LG&T has 6 children, I have 5 and TripletandTwins.... kinda speaks for herself really lol!

Lots of virtual cake, alcohol and hankies available.

tkband3 · 15/11/2007 14:13

I always thought that play dates would be too much to handle, but I actually find they make life easier - the children all go off and play together and leave me in peace for a while. Tea-time can be a bit stressful, but once they are all sitting eating, it's fine. You might find it's easier than you think .

Chopster · 15/11/2007 14:20

you don't have to cut their hair. There are id twin girls at our school, one always has a pony tail, the other has two pigtails! Mine seemed to be able to tell them apart no probs.

I have four kids, and I find the idea of bringing home more than one playdate a bit much (also rather impossible unless I strap one to the roof of the car ) I try to arrange playdates so that one goes somewhere, and the other brings a friend home! I find the kids are getting pretty good at inviting themselves out for tea somewhere. I then reciprocate and dd has two good friends who she swaps playdates with, and ds1 did have two or three too.

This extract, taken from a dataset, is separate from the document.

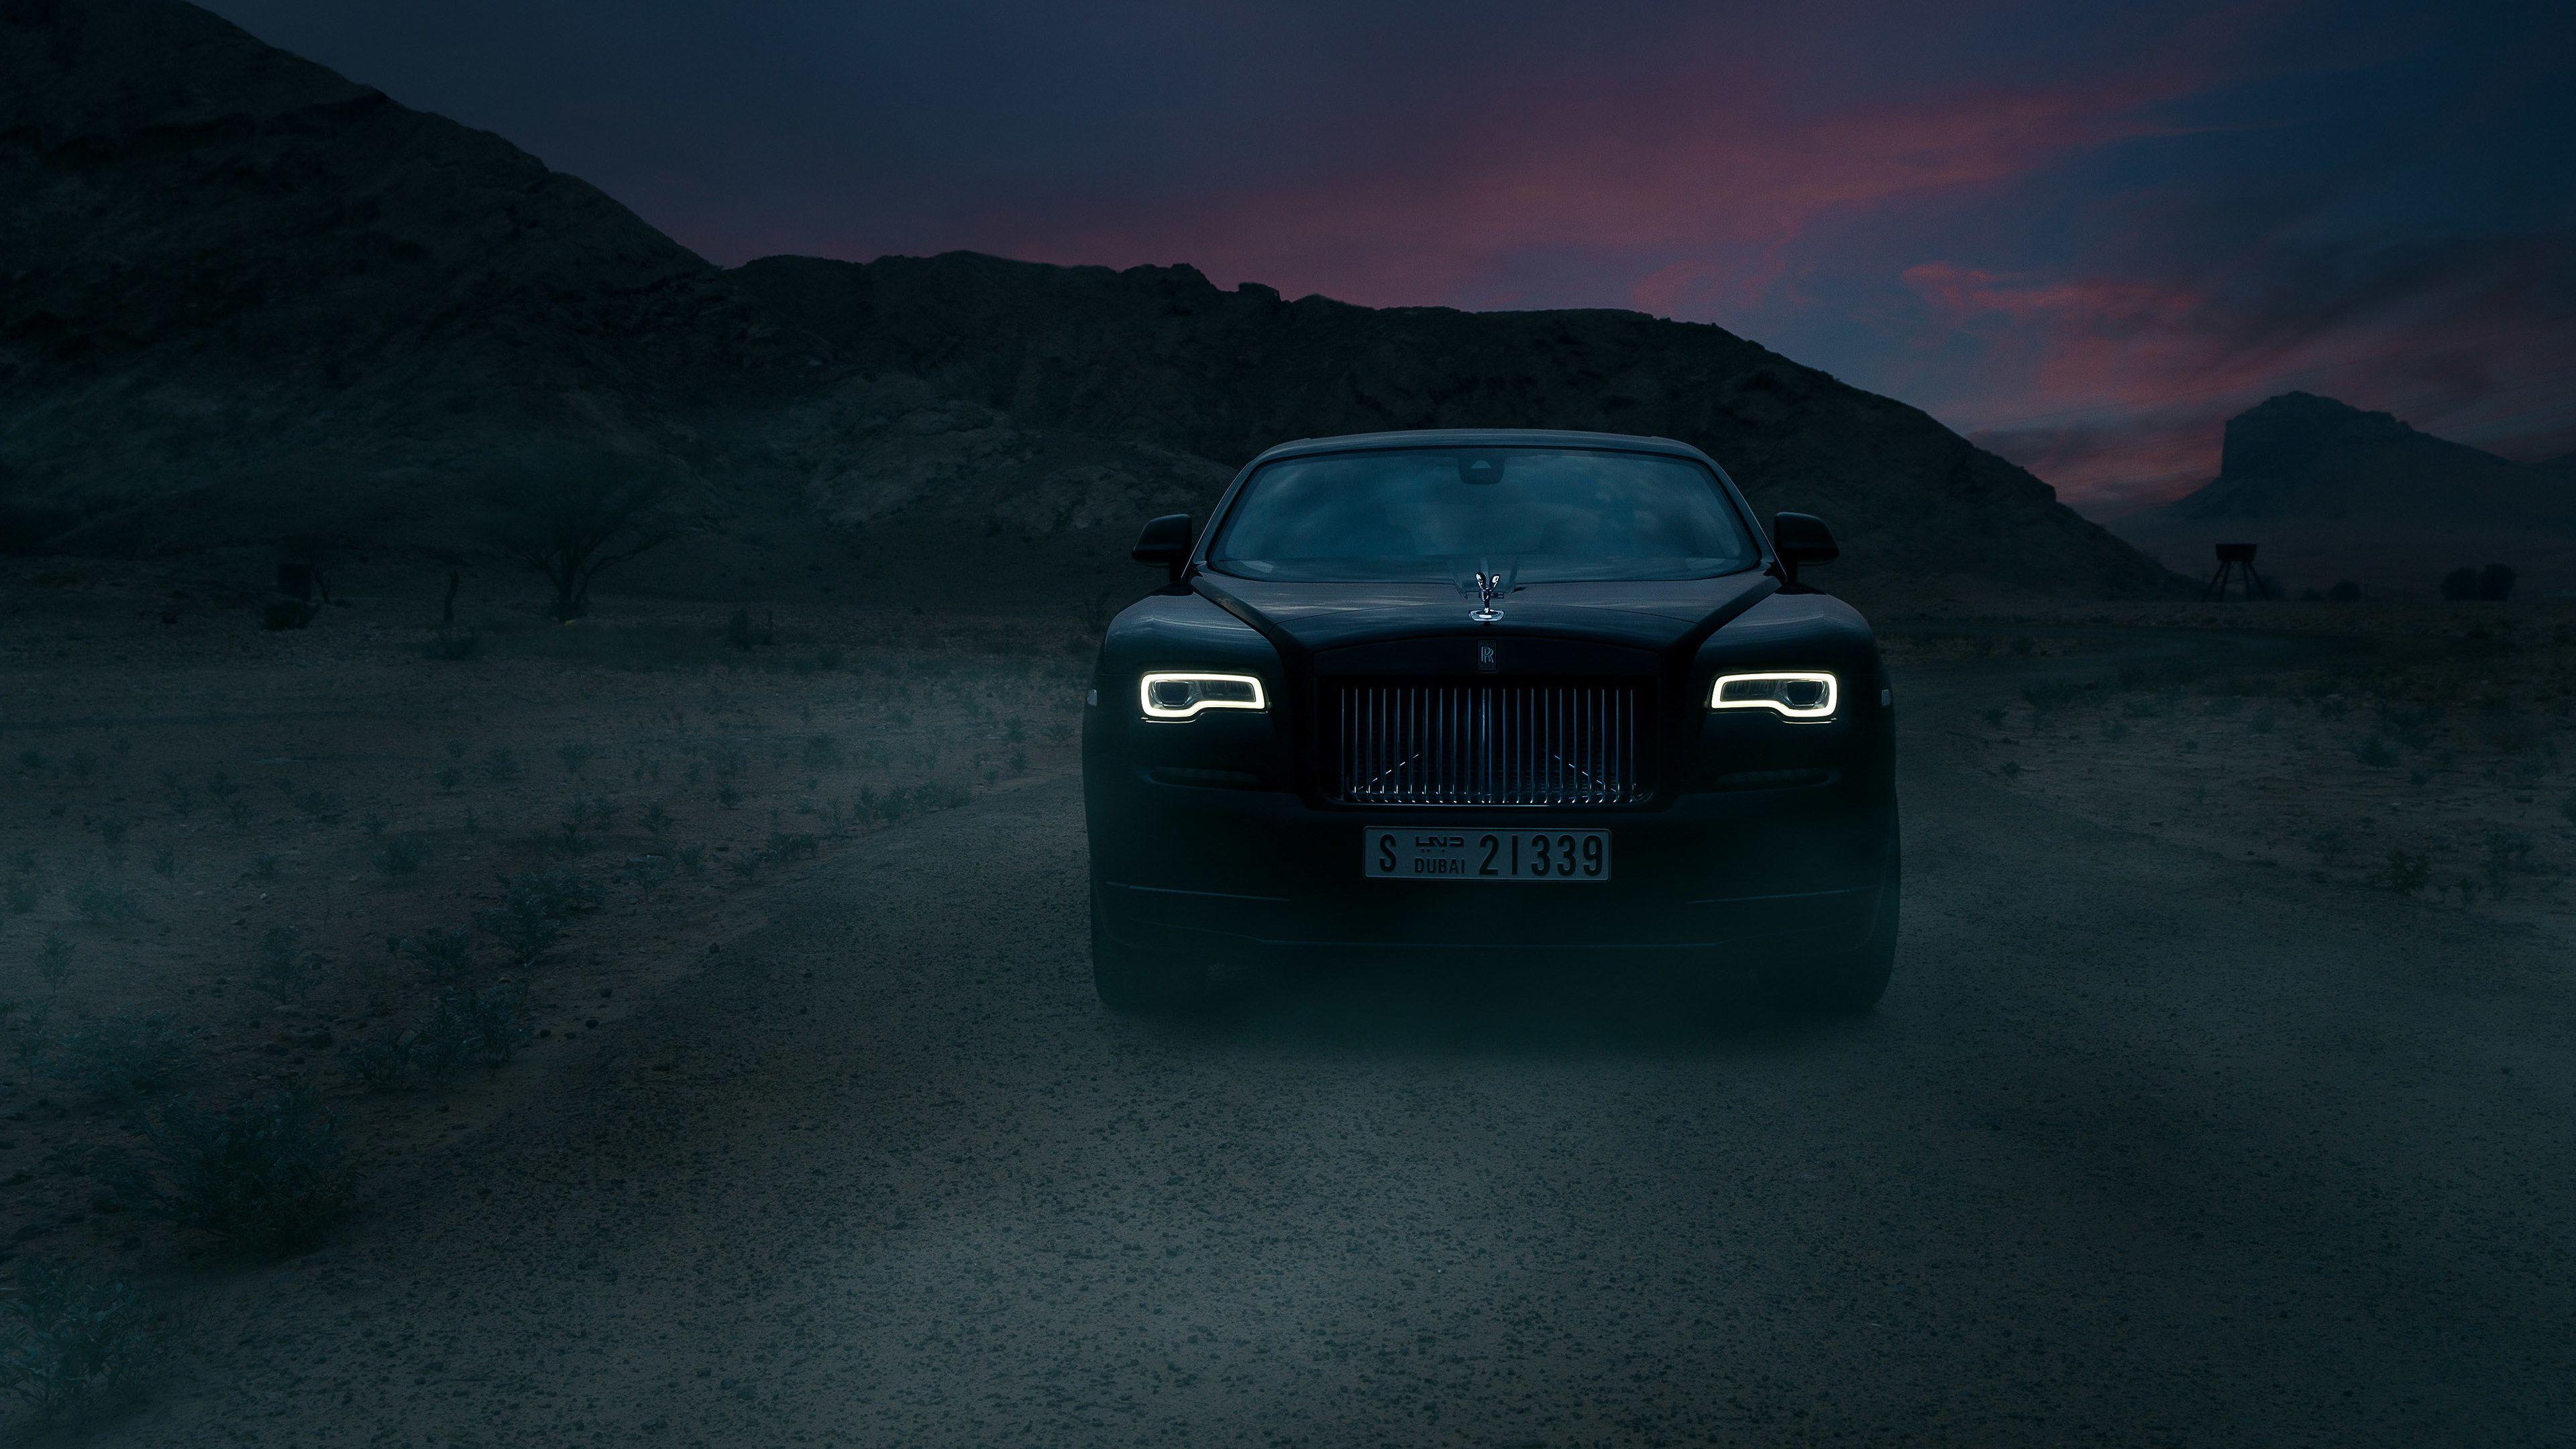 Rolls Royce Wraith Black Badge Rolls Royce Wraith Wallpaper, Rolls Royce Wallpaper, Hd Wallpa. Rolls Royce Wraith Black, Rolls Royce Wraith, Black Car Wallpaper

Quadrophenia · 15/11/2007 17:43

As another mum of four i do the same, when one of mine goes some where I arrange for another child to come here the same day. That said I like having ym house full of kids, its lovely.
My identical twin girls have the same hair, i just tie it up differently, sometimes they have the same clothes if they both like them. I try not to place too much empahasis on anything really, I don't go out of my way to make them be seen as individuals, they are individuals, they look the same but have different personalities, different likes and dislikes. Consequently by year three they are in different classes, have different friends and are largely happy.